Power Efficient Resource Allocation for Full-Duplex Radio Distributed Antenna Networks

In this paper, we study the resource allocation algorithm design for distributed antenna multiuser networks with full-duplex (FD) radio base stations (BSs), which enable simultaneous uplink and downlink communications. The considered resource allocation algorithm design is formulated as an optimization problem taking into account the antenna circuit power consumption of the BSs and the quality of service (QoS) requirements of both uplink and downlink users. We minimize the total network power consumption by jointly optimizing the downlink beamformer, the uplink transmit power, and the antenna selection.
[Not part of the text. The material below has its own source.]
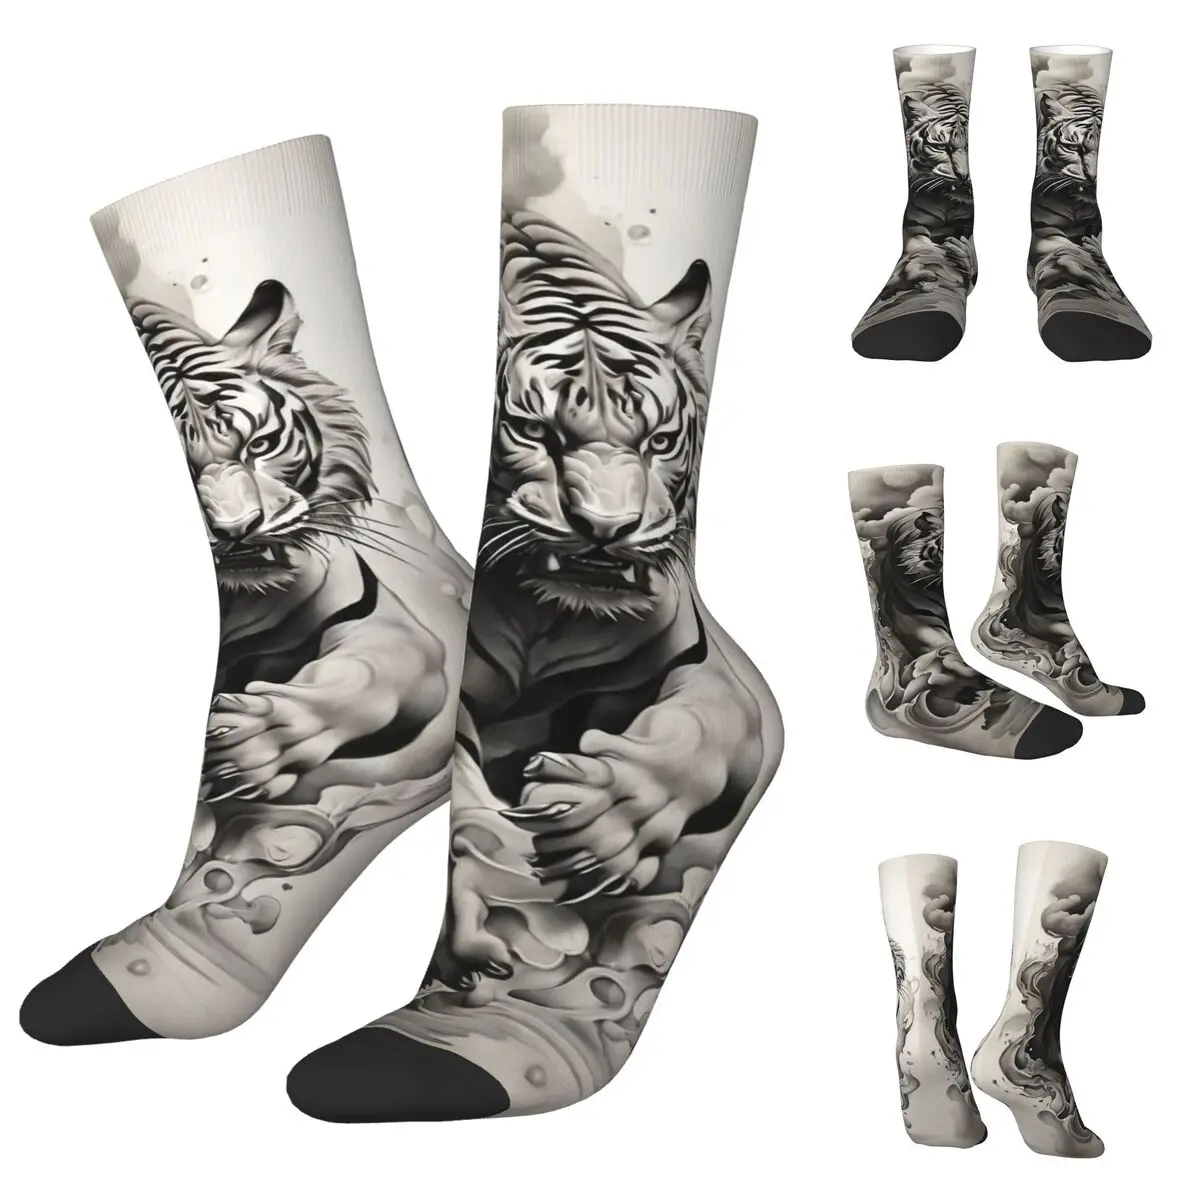 Cool Animals, Lions, Tigers, Gorillas Men Women Socks,Windproof Beautiful printing Suitable for all seasons Dressing Gifts to the lions

To overcome the intractability of the resulting problem, we reformulate it as an optimization problem with decoupled binary selection variables and nonconvex constraints. The reformulated problem facilitates the design of an iterative resource allocation algorithm, which obtains an optimal solution based on the generalized Bender's decomposition (GBD). For this algorithm, we also propose a simple technique to improve the speed of convergence. Furthermore, to strike a balance between computational complexity and system performance, a suboptimal resource allocation algorithm with polynomial time complexity is proposed. Simulation results illustrate that the proposed GBD-based iterative algorithm converges to the globally optimal solution and the suboptimal algorithm achieves a close-to-optimal performance. Our results also demonstrate the tradeoff between power efficiency and the number of active transmit antennas when the circuit power consumption is taken into account. In particular, activating an exceedingly large number of antennas may not be an efficient approach for reducing the total system power consumption. In addition, our results reveal that FD systems facilitate significant power savings compared to traditional half-duplex systems, despite the nonnegligible self-interference.